# How to repair gouged MDF?



## JohnEinNJ (Dec 22, 2011)

So I just finished building Wood Magazine's tilt-top workbench (like this: http://lumberjocks.com/projects/57008), and was trimming up the maple band around the edge with a router. The router grabbed onto the edge, and did a little dance on the MDF top, making about a 1/2 inch deep by 3 inch long gouge . What's the best way to fill & repair MDF?


----------



## tyskkvinna (Mar 23, 2010)

I have had decent luck with MDF sawdust and glue (since, yknow, that's basically what it is right now!)


----------



## timbit2006 (Jan 6, 2012)

When filling holes in MDF drywall compound works very good but I doubt it'd work in your situation.


----------



## Alexandre (May 26, 2012)

I think some sanding dust mixed with glue to make a nice thick mixture and pour it in, then when dry, sand it (Gosh, Wear a dust mask while doing this) and there you go!

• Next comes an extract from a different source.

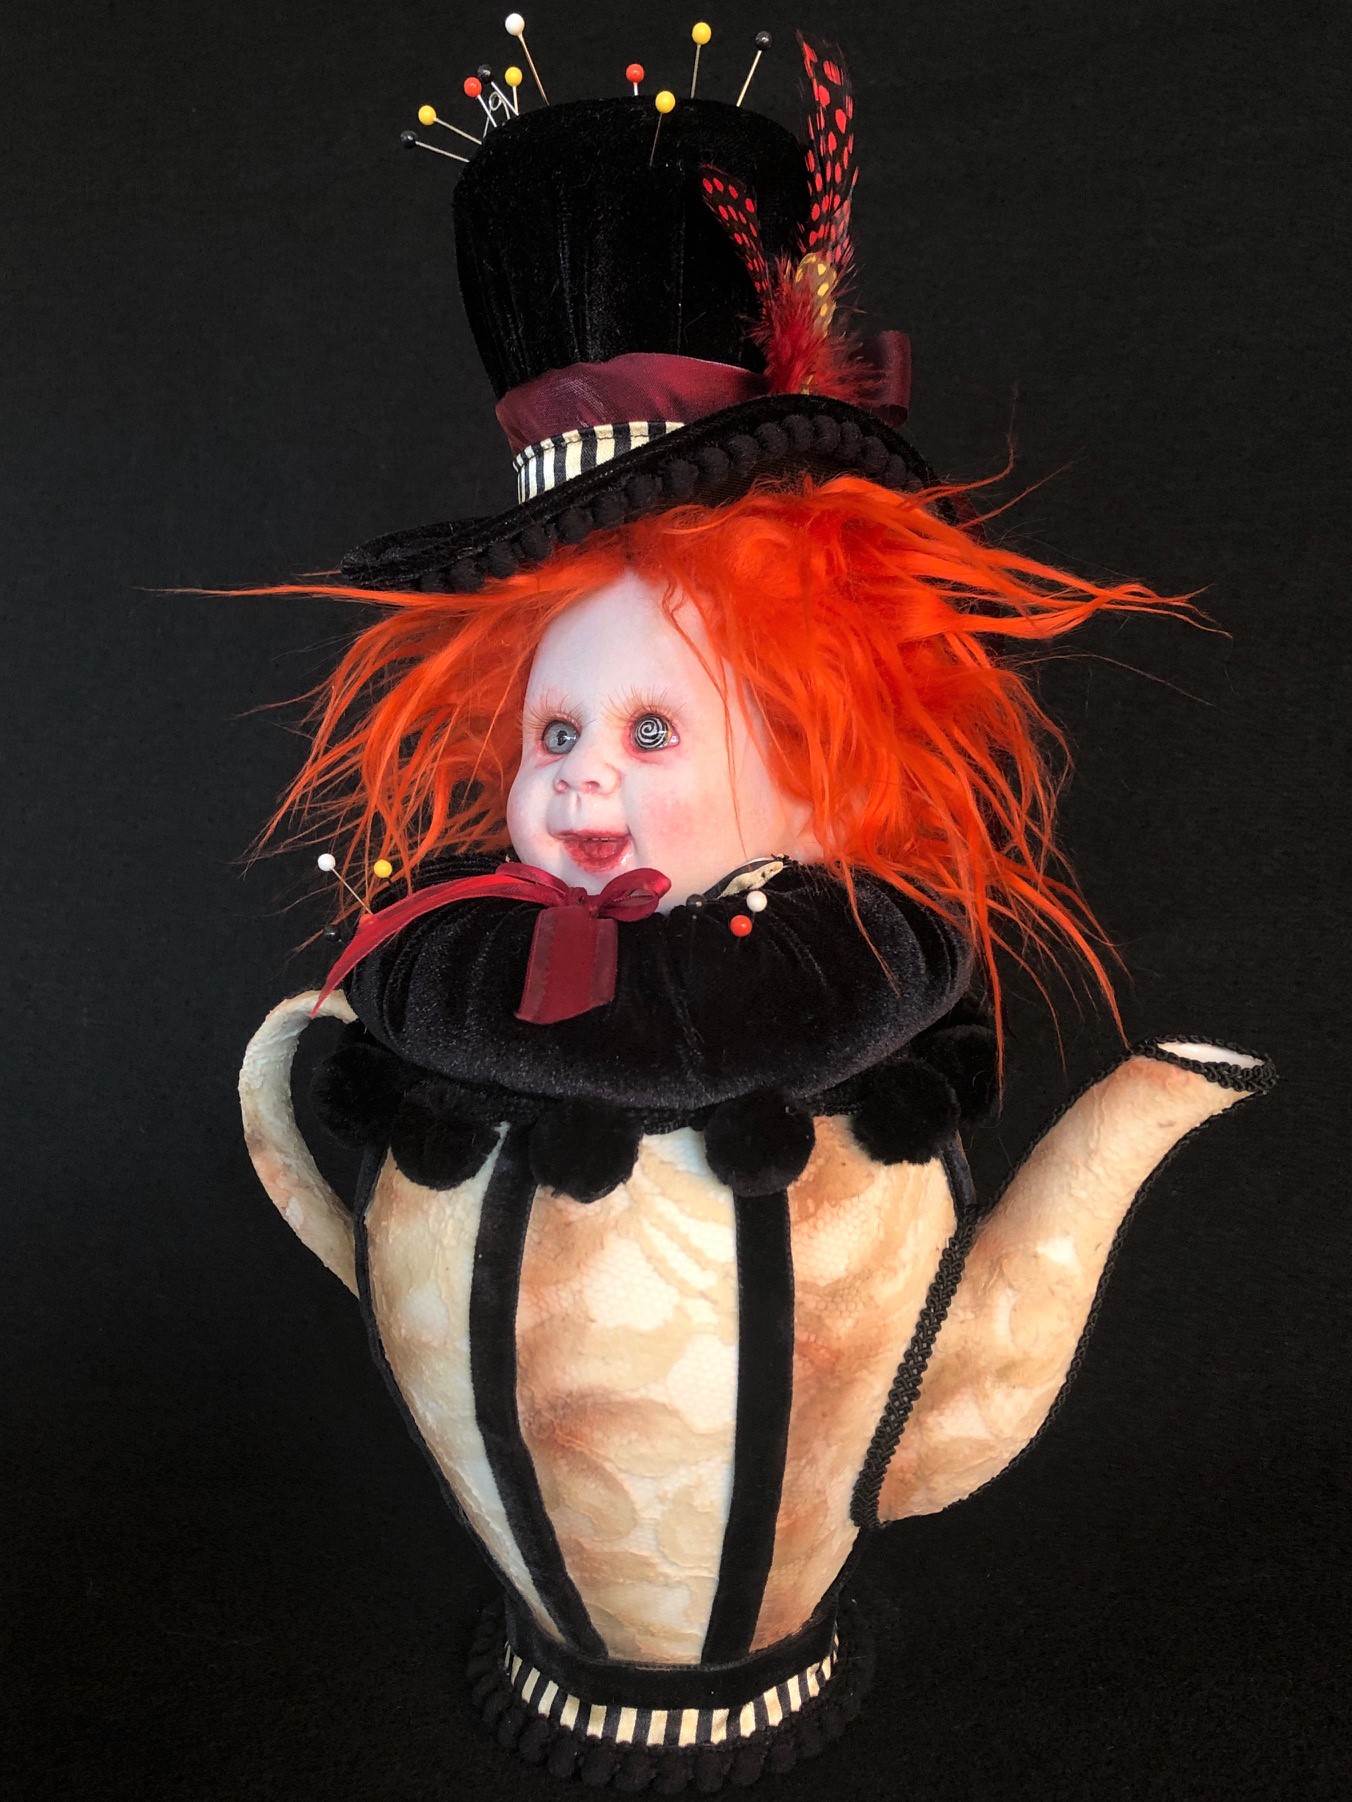 mad hatter themed pincushion porcelain doll head with bright orange hair and velvet tophat sits on a black velvet cushion set in lace-covered teapot

Hope this helps


----------



## mark4345 (Oct 7, 2011)

bondo


----------



## Wdwerker (Apr 14, 2012)

Bondo rules! Drywall compound would only be for vertical surfaces.


----------



## canadianchips (Mar 12, 2010)

Liz said it best. Sawdust and glue.


----------



## doughan (Apr 22, 2011)

saw dust and glue or bondo….bondo if you are in a hurry…..mix it hot and fast then use a putty knife to get it close before it gets to hard.


----------



## AandCstyle (Mar 21, 2012)

+1 Bondo


----------



## waho6o9 (May 6, 2011)

bondo, yeah buddy


----------



## mtenterprises (Jan 10, 2011)

Router out the damaged area and insert a new MDF patch, glue as needed.
MIKE


----------



## JohnEinNJ (Dec 22, 2011)

Thanks to everyone for your responses. Just to wrap this up, I believe mtenterprises' response (rout out damaged area & patch) is the "right" way to do it. But since a router mishap - due to my inexperience - is what caused the problem in the first place, I decided to do it one of the "less right" ways: glue mixed with sawdust. It took two days to dry enough to be sandable. Not pretty, but it worked.


----------



## mtenterprises (Jan 10, 2011)

The only way you are going to learn is try and do. Now you will continue to look at your repair and say to yourself "I should have done it right" and one of these days you will make that repair correct.
MIKE


----------



## DS (Oct 10, 2011)

MDF + Bondo = MFEO


----------



## DaddyZ (Jan 28, 2010)

I would have filled with epoxy


----------



## madts (Dec 30, 2011)

Durham's rock hard water putty. This stuff is awesome.


----------



## mtenterprises (Jan 10, 2011)

Durham's rock hard water putty. Yes that stuff is good for all kinds of filling and molding. Works better than plaster of paris to make neckerchief slids from.
MIKE


----------



## Andywoj (Jun 25, 2012)

Automotive body filler works great. It does not shrink, sands well and will take finish.
Andy


----------